Nasza Loteria SR - pasek na kartach artykułów

MŚ: Polki nie zdobyły medalu, ale dostaną 150 tys. złotych

Dominik Lutostański
Na lotnisku w Warszawie czwartego miejsca w mistrzostwach świata piłkarkom ręcznym gratulowali wczoraj premier Beata Szydło i minister sportu Witold Bańka.

Zgromadzona liczba kibiców w hali przylotów na lotnisku Fryderyka Chopina pokazała, że szczypiornistki skradły serca Polaków. Ich walka i wiara zaniosły je do strefy medalowej, ostatecznie zabrakło kropki nad „i”, więc do kraju wróciły bez trofeum. Mimo to fani nagrodzili zawodniczki wielkimi brawami.

Na lotnisku zorganizowano specjalną platformę, na której pojawiły się wszystkie piłkarki oraz sztab szkoleniowy na czele z trenerem Kimem Rassmusenem. W blasku sukcesu wizerunek chciała ocieplić premier Beata Szydło. Na lotnisku pojawiła się wraz z ministrem sportu i turystyki Witoldem Bańką.

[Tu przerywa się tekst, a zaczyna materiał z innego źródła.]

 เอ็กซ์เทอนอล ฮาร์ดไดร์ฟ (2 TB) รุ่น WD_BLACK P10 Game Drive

- Mimo że zazwyczaj sportowcy wynagradzani są za medale, przygotowaliśmy 150 tysięcy złotych dla całej drużyny - ogłosił Bańka. Choć na twarzach zawodniczek widać było uśmiechy, to w skrytości ducha smuciły się, bo medal był niemal dosłownie na wyciągnięcie ręki. Jasno o tym powiedziała kapitan reprezentacji Karolina Kudłacz-Gloc.

- Nie powiem, że jesteśmy na tę chwilę szczęśliwe. Liczyłyśmy na coś więcej, bo pokonałyśmy dwa zespoły, które były faworytkami do tytułu. Wierzyłyśmy w sukces. Szkoda, że nie udało się zdobyć upragnionego medalu - mówiła.

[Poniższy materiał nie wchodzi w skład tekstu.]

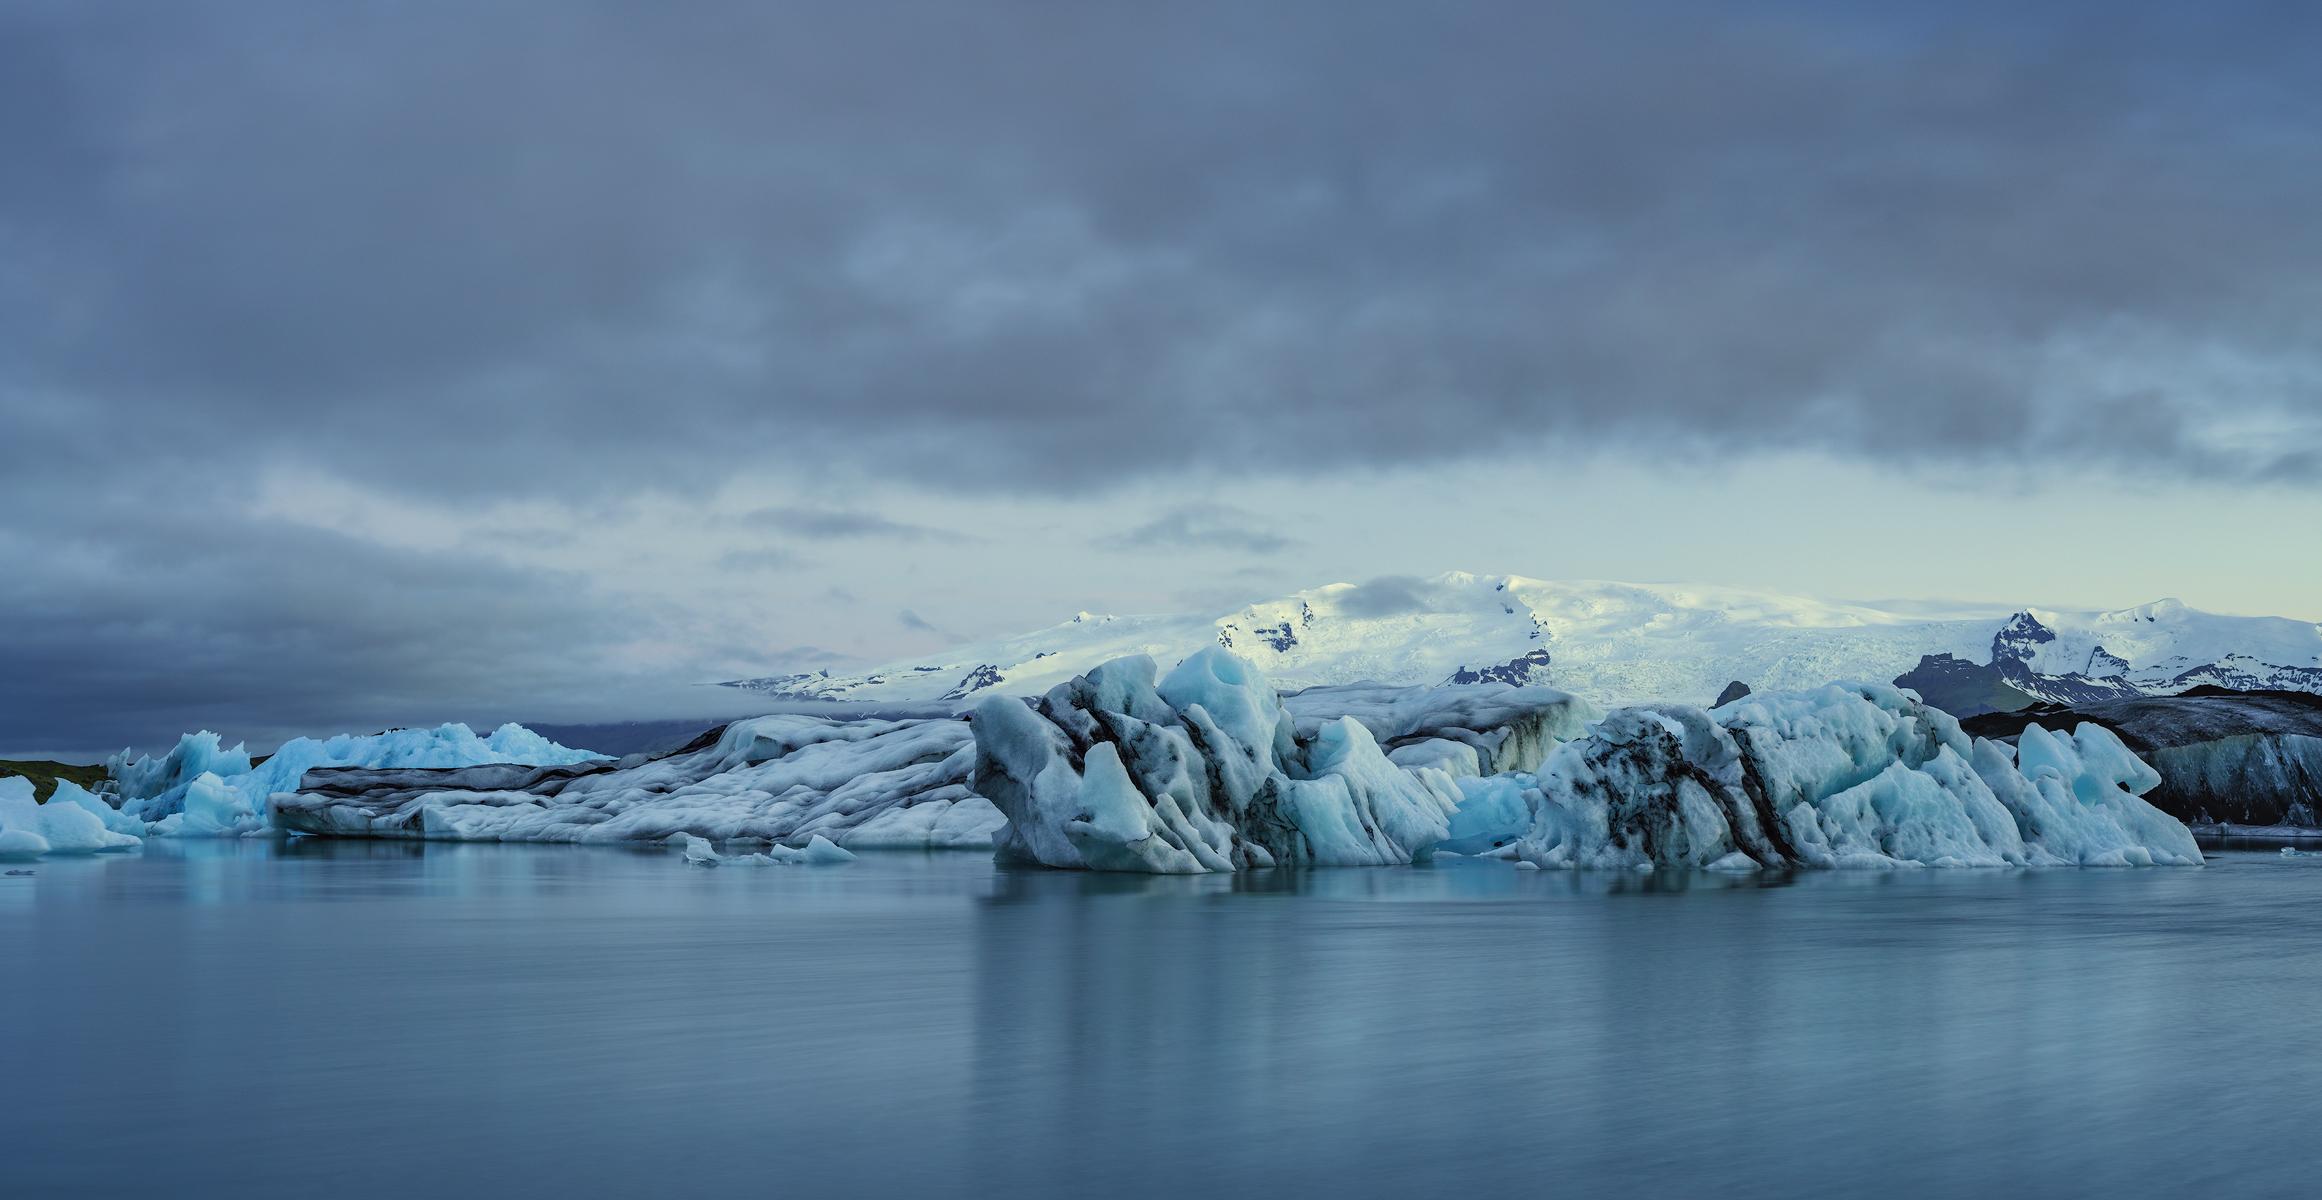 Ice from Breiðamerkurjökull drifts in Jölkúsarlón Glacial Lagoon.

- Z drugiej strony osiągnęłyśmy dobry wynik, bo drużyny, które przed dwoma laty zajęły pierwsze i drugie miejsce na mistrzostwach świata nawet nie znalazły się w pierwszej ósemce turnieju. Wciąż jednak są w nas skrajne emocje.Pewnie z perspektywy czasu stwierdzimy, że to miejsce to pewnego rodzaju sukces, bo obronić czwarte miejsce na mistrzostwach świata jest rzeczą bardzo trudną.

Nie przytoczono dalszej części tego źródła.